A Deep Dive into Transformers with TensorFlow and Keras: Part 2 : Aritra Roy Gosthipaty and Ritwik Raha

A Deep Dive into Transformers with TensorFlow and Keras: Part 2
by: Aritra Roy Gosthipaty and Ritwik Raha
blow post content copied from  PyImageSearch
click here to view original post

Table of Contents

A Deep Dive into Transformers with TensorFlow and Keras: Part 2

In this tutorial, you will learn about the connecting parts of the Transformers architecture that hold together the encoder and decoder.

This lesson is the 2nd in a 3-part series on NLP 104:

  1. A Deep Dive into Transformers with TensorFlow and Keras: Part 1
  2. A Deep Dive into Transformers with TensorFlow and Keras: Part 2 (today’s tutorial)
  3. A Deep Dive into Transformers with TensorFlow and Keras: Part 3

To learn how the transformers architecture stitches together the multi-head attention layer with other components, just keep reading.

A Deep Dive into Transformers with TensorFlow and Keras: Part 2

A Brief Recap

In the previous tutorial, we studied the evolution of attention from its simplest form into Multi-Head Attention as we see today. In Video 1, we illustrate how the Input matrix is projected into the Query, Key, and Value Matrices.

Video 1: Projecting the Input matrix into the Query, Key, and Value matrices.
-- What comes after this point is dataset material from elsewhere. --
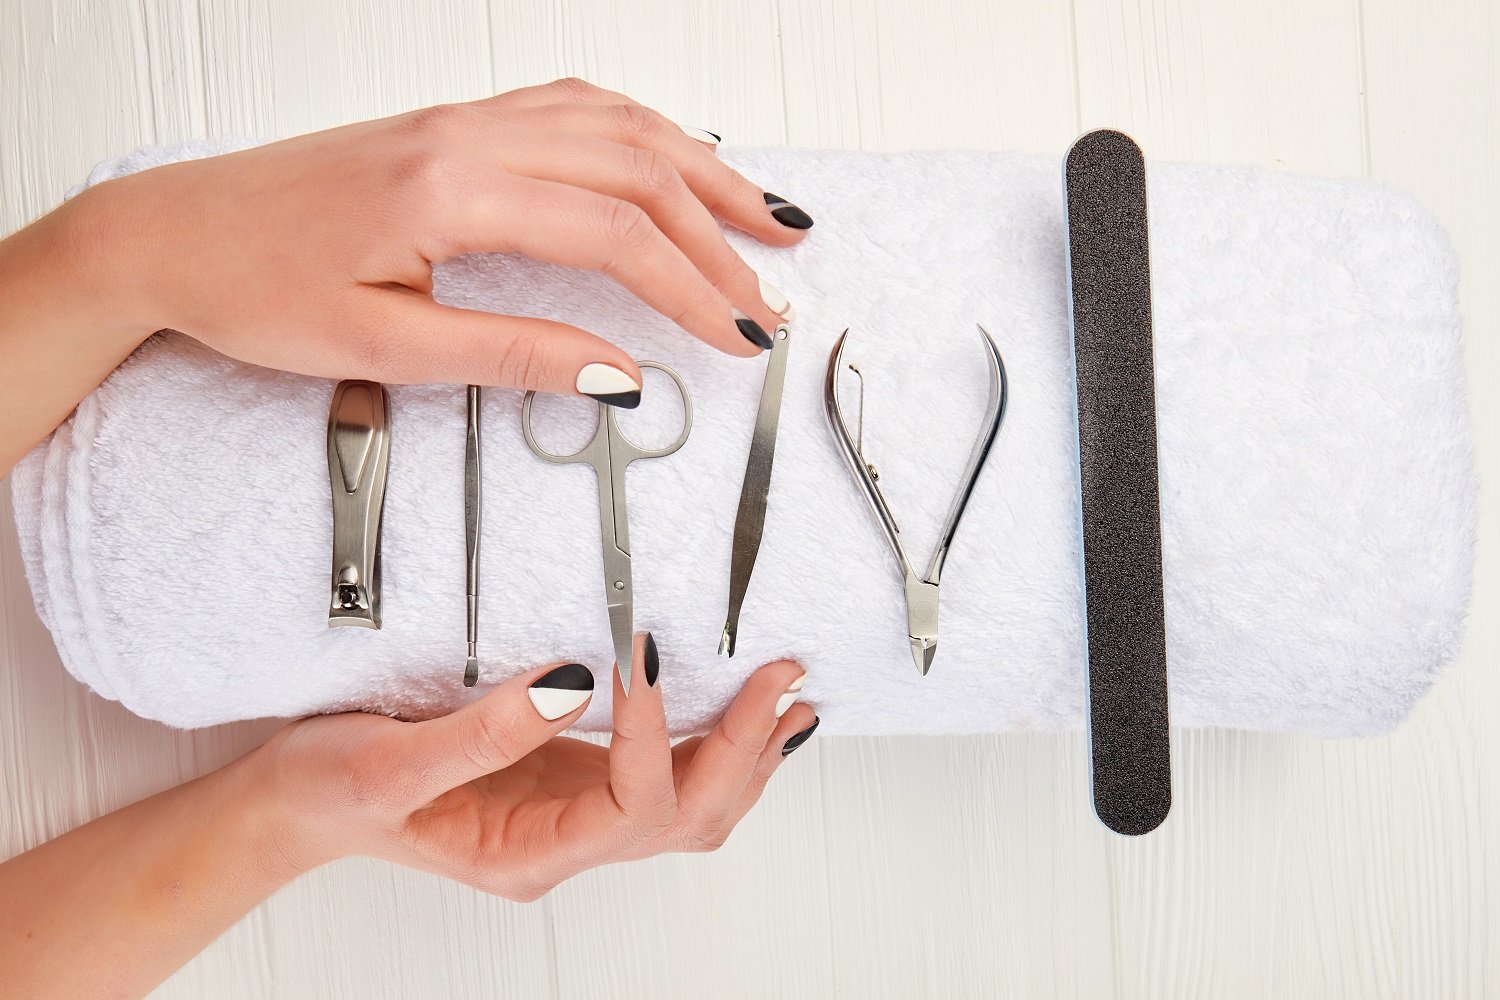 Set de herramientas para manicura sobre una toalla blanca. | Foto: Shutterstock

Here the Input matrix is represented through the initial gray matrix I. The matrix placed below matrix I is our weight matrix (i.e., W_Q (red), W_K (green), and W_V (blue), respectively). As the Input is multiplied by these three weight matrices, the Input is projected to produce the Query, Key, and Value matrices, shown with red, green, and blue colors, respectively.

The Land of Attention

Our three friends, Query, Key, and Value, are the central actors that bring Transformers to life. In Video 2, we build an animation that shows how the attention score is computed from the Query, Key, and Value matrices.

Video 2: Animation of the Attention module.

First, the Query and Key matrices are multiplied to arrive at a product term. Let us call this term the QK Product. Next, we scale the product term with 1/\sqrt{\text{dim}}; this was done to prevent the vanishing gradient problem, as explained in our previous blog post. Finally, the scaled QK Product term is passed through a softmax layer. The resultant output is multiplied by the value matrix to arrive at the final attention layer.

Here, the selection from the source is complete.